ACTIVITY → Output everything in the listing exactly, with no line missing.

DATA SUPPLIED →
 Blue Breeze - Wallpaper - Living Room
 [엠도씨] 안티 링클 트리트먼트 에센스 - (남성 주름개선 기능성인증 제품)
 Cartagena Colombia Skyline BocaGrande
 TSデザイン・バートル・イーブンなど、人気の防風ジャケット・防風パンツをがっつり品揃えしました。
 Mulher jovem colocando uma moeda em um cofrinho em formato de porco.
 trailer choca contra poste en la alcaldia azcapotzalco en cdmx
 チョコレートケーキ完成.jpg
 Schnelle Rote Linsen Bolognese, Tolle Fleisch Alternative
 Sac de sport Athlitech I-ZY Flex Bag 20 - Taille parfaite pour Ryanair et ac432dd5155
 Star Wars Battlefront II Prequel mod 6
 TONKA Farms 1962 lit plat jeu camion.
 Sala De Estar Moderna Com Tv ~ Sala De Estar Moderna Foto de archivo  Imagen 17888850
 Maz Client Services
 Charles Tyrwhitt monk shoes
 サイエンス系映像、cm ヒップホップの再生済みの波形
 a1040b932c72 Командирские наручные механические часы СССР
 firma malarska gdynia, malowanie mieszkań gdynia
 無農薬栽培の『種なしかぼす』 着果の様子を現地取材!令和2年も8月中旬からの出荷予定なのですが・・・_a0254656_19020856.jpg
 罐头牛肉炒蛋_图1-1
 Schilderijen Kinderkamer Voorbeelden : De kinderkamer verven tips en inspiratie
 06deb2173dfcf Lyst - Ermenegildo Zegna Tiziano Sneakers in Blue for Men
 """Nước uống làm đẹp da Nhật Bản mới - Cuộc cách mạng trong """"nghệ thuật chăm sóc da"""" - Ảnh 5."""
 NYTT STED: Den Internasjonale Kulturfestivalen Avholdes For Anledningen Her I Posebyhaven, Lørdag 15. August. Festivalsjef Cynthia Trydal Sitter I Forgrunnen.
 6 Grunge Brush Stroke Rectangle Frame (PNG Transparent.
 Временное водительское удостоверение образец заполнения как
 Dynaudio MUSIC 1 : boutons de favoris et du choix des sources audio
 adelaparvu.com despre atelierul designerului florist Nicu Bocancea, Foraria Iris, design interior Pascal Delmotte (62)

TASK SOLUTION →
 Blue Breeze - Wallpaper - Living Room
 [엠도씨] 안티 링클 트리트먼트 에센스 - (남성 주름개선 기능성인증 제품)
 Cartagena Colombia Skyline BocaGrande
 TSデザイン・バートル・イーブンなど、人気の防風ジャケット・防風パンツをがっつり品揃えしました。
 Mulher jovem colocando uma moeda em um cofrinho em formato de porco.
 trailer choca contra poste en la alcaldia azcapotzalco en cdmx
 チョコレートケーキ完成.jpg
 Schnelle Rote Linsen Bolognese, Tolle Fleisch Alternative
 Sac de sport Athlitech I-ZY Flex Bag 20 - Taille parfaite pour Ryanair et ac432dd5155
 Star Wars Battlefront II Prequel mod 6
 TONKA Farms 1962 lit plat jeu camion.
 Sala De Estar Moderna Com Tv ~ Sala De Estar Moderna Foto de archivo  Imagen 17888850
 Maz Client Services
 Charles Tyrwhitt monk shoes
 サイエンス系映像、cm ヒップホップの再生済みの波形
 a1040b932c72 Командирские наручные механические часы СССР
 firma malarska gdynia, malowanie mieszkań gdynia
 無農薬栽培の『種なしかぼす』 着果の様子を現地取材!令和2年も8月中旬からの出荷予定なのですが・・・_a0254656_19020856.jpg
 罐头牛肉炒蛋_图1-1
 Schilderijen Kinderkamer Voorbeelden : De kinderkamer verven tips en inspiratie
 06deb2173dfcf Lyst - Ermenegildo Zegna Tiziano Sneakers in Blue for Men
 """Nước uống làm đẹp da Nhật Bản mới - Cuộc cách mạng trong """"nghệ thuật chăm sóc da"""" - Ảnh 5."""
 NYTT STED: Den Internasjonale Kulturfestivalen Avholdes For Anledningen Her I Posebyhaven, Lørdag 15. August. Festivalsjef Cynthia Trydal Sitter I Forgrunnen.
 6 Grunge Brush Stroke Rectangle Frame (PNG Transparent.
 Временное водительское удостоверение образец заполнения как
 Dynaudio MUSIC 1 : boutons de favoris et du choix des sources audio
 adelaparvu.com despre atelierul designerului florist Nicu Bocancea, Foraria Iris, design interior Pascal Delmotte (62)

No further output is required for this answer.